可有红薯在,老朱家就要让他方静之吃一辈子,不,是子子孙孙都要吃。
这活人无数的功劳,可不是一个小小的爵位能比的。
方静之觉得,自已最少要来个侯爵。
若不是因为年龄的问题,恐怕是公爵都不在话下。
方静之回头看了一眼汤和,微微一笑道:“老哥哥莫非也是勋贵出身,恕小子眼拙,不知是哪一位长辈当面!”
试一试你老小子,看能不能把身份爆出来。
汤和人老成精,哪会不明白方静之的意思。
这小子是在套路自已呢!
他呵呵一笑,道:“老夫哪有那个荣幸啊,不过就是一半截身子入土的老匹夫罢了!”
方静之笑道:“您老谦虚了!”
汤和道:“不谦虚,不谦虚,家里到时有个勋贵的亲戚,不过交往不多。”
你装,你就给我装!
方静之的心里,已经隐隐有了七分把握。
他笑道:“老哥哥,经常出来钓鱼?”
说起钓鱼,汤和也是来了精神了。
哈哈哈大笑三声说道:“那是,就说这钓鱼,老夫不是跟你吹的,这南京城的鱼,没有被老夫钓上来过得不多。”

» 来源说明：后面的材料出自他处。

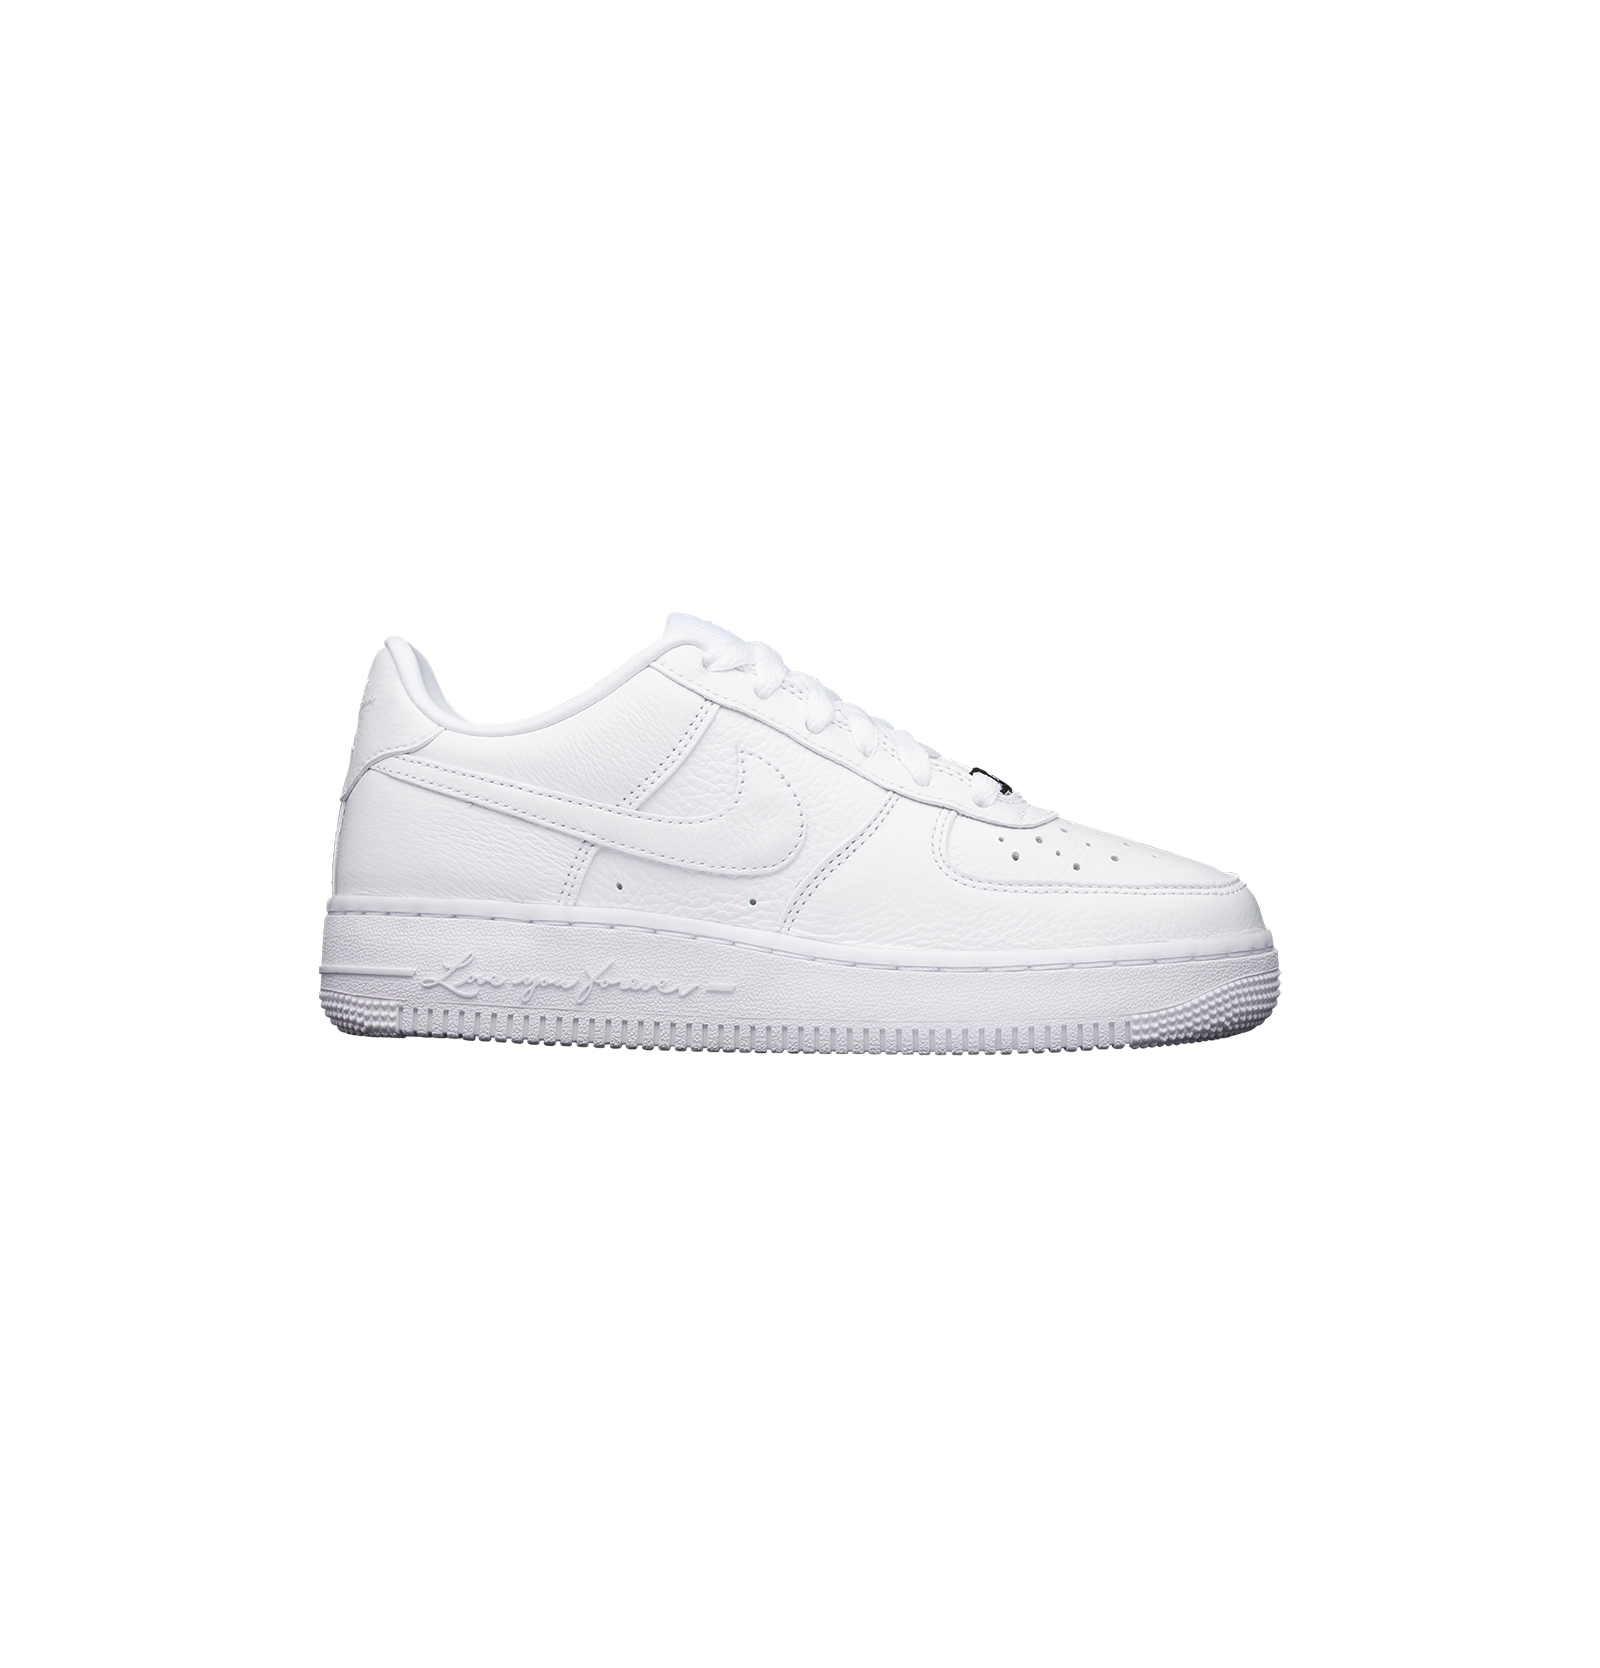 LOVE YOU FOREVER AIR FORCE 1 - BIG KIDS - IMAGE 6

“但凡是老夫出没的地,这竿一下去,这鱼就跟见了阎王爷一样,那个不待乖乖的听话,上咱的鱼钩。”
“可咱啊,不喜杀生,钓上来的鱼又给放回去了。”
“不然这南京城的鱼价,要因为咱涨上去不少。”
“为啥,因为南京城的鱼都被咱钓干净了啊!”
汤和说的那叫一个唾沫横飞,身后的老仆则是一脸便秘的表情。
我的公爷啊,咱就别吹了好吗!
上次您的脸,可是让这小子打的啪啪作响啊!
方静之呵呵一笑,就喜欢你这样的。
“看的出来,老哥哥的钓鱼水平,自然是不低。”
“那是自然,别人你这花里胡哨的,老夫手里就一根竿,钓起鱼来,你可不一定比得上咱。”

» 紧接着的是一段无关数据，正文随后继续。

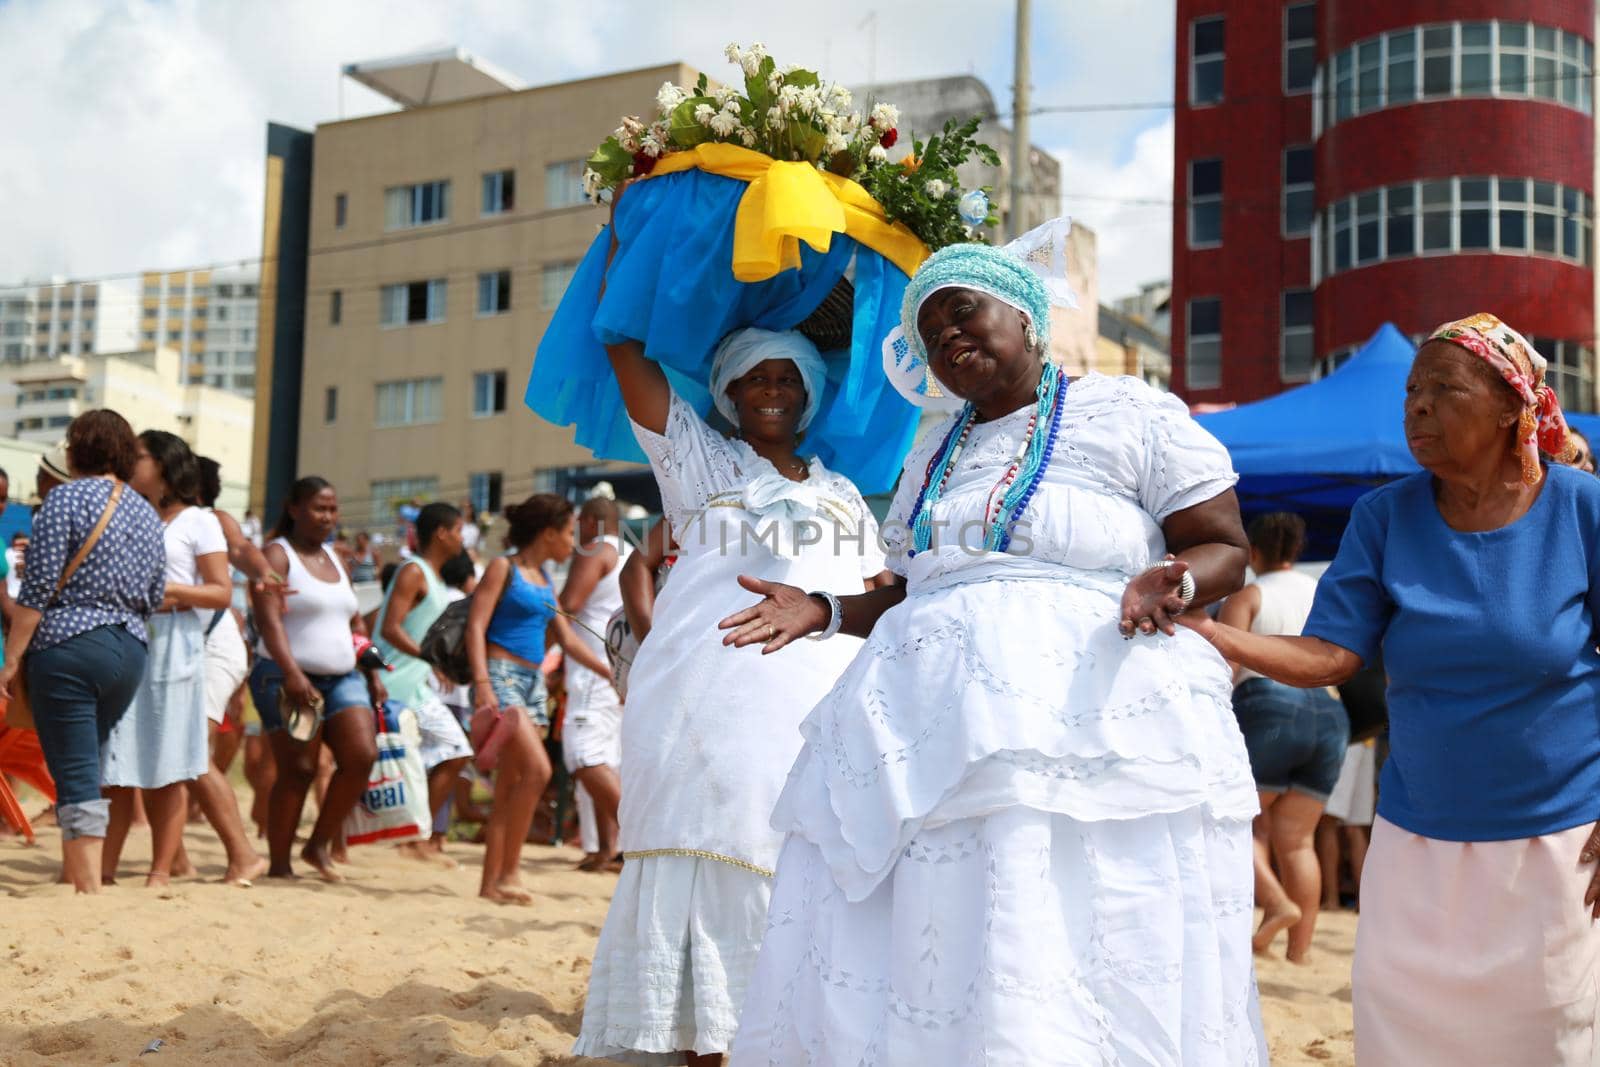 salvador, bahia, brazil - february 2, 2015: Candomble devotees and supporters of the African matriaz religion pay tribute to the orixa Yemanja in the city of Salvador.

“瞅见刚才的鱼没!”汤和伸脚踢了一下边上的竹篓里的大鲤鱼:“咱略微一出手,这大鱼就轻而易举上来了!”
好好好,我就喜欢你这样桀骜不驯的样子。
方静之道:“老哥哥,打个赌如何?”
汤和顿时警惕起来。
吹牛逼归吹牛逼,方静之那天连杆的时候,他可就在边上看着呢!
这小子若是比谁钓的多,那自已还有的赢?
汤和道:“哎呀呀,老夫年龄大了,没有争强好胜的心了……”
方静之道:“以您的这条鲤鱼为基准,就赌我能不能钓上比您这条还要大的,当然您也可以在钓上一条更大的作为基准!”
“总之,就比谁今天钓上来的鱼更大,更重。”
“赌了!”汤和立马回道,生怕方静之反悔。
小子,你跟老夫装逼,让你装。
老夫不让你输的穿裤衩回去算老夫白活这么多年。
“你赶紧说,赌什么!”汤和赶忙道。
方静之呵呵一笑,伸手往后一指:“就赌它!”
似乎是为了附和主人,二郎神十分配合的打了个响鼻。
小铁锤看看主人,小脸上露出一抹笑意,她感觉主人又要坑人了。
君子好名,将军好马!
汤和自然也不例外。
当初这匹披雪追风驹还在朱标手里的时候,军中的几名大将军就已经惦记上了。
汤和则是其中表现的比较淡然的那个。
但要说喜欢,他汤和可是军中最爱马的大将军,没有之一。
之所以没有跟太子张口讨要,那也是多种原因混杂。
以汤和的身份地位,开口要一匹马,哪怕是这马在珍贵无比,朱标自然是不会拒绝的。
可朱标毕竟是后辈,又极其喜欢这匹披雪驹,开口讨要,难免有倚老卖老的嫌疑,让人耻笑。
再者,因为一匹马再被老朱惦记上,那可就不好了。
你汤和不是病了吗,还要马做什么?
老骥伏枥,志在千里?
想学曹操吗?
可如今方静之竟然将这匹自已喜欢的披雪神驹拿出来做赌注。
汤和心中一喜,只能说一句不好意思了!
汤和面上波澜无波,淡定说道:“小子,你当真要拿它做赌注,你这可是必输的结局。”
“当然!”方静之耸了耸肩膀,十分平静的回了一句:“不过,你也要拿出与二郎神同等价值的物品来赌!”
二郎神?
这个名字,倒是挺贴切的。
汤和回头看了一眼梦中情马。
“好,赌了,本,老夫的赌注定然不会让你失望!”
汤和心中开心到不行,不就是赌马吗,真当老子没有同等价值的好马可赌是吧!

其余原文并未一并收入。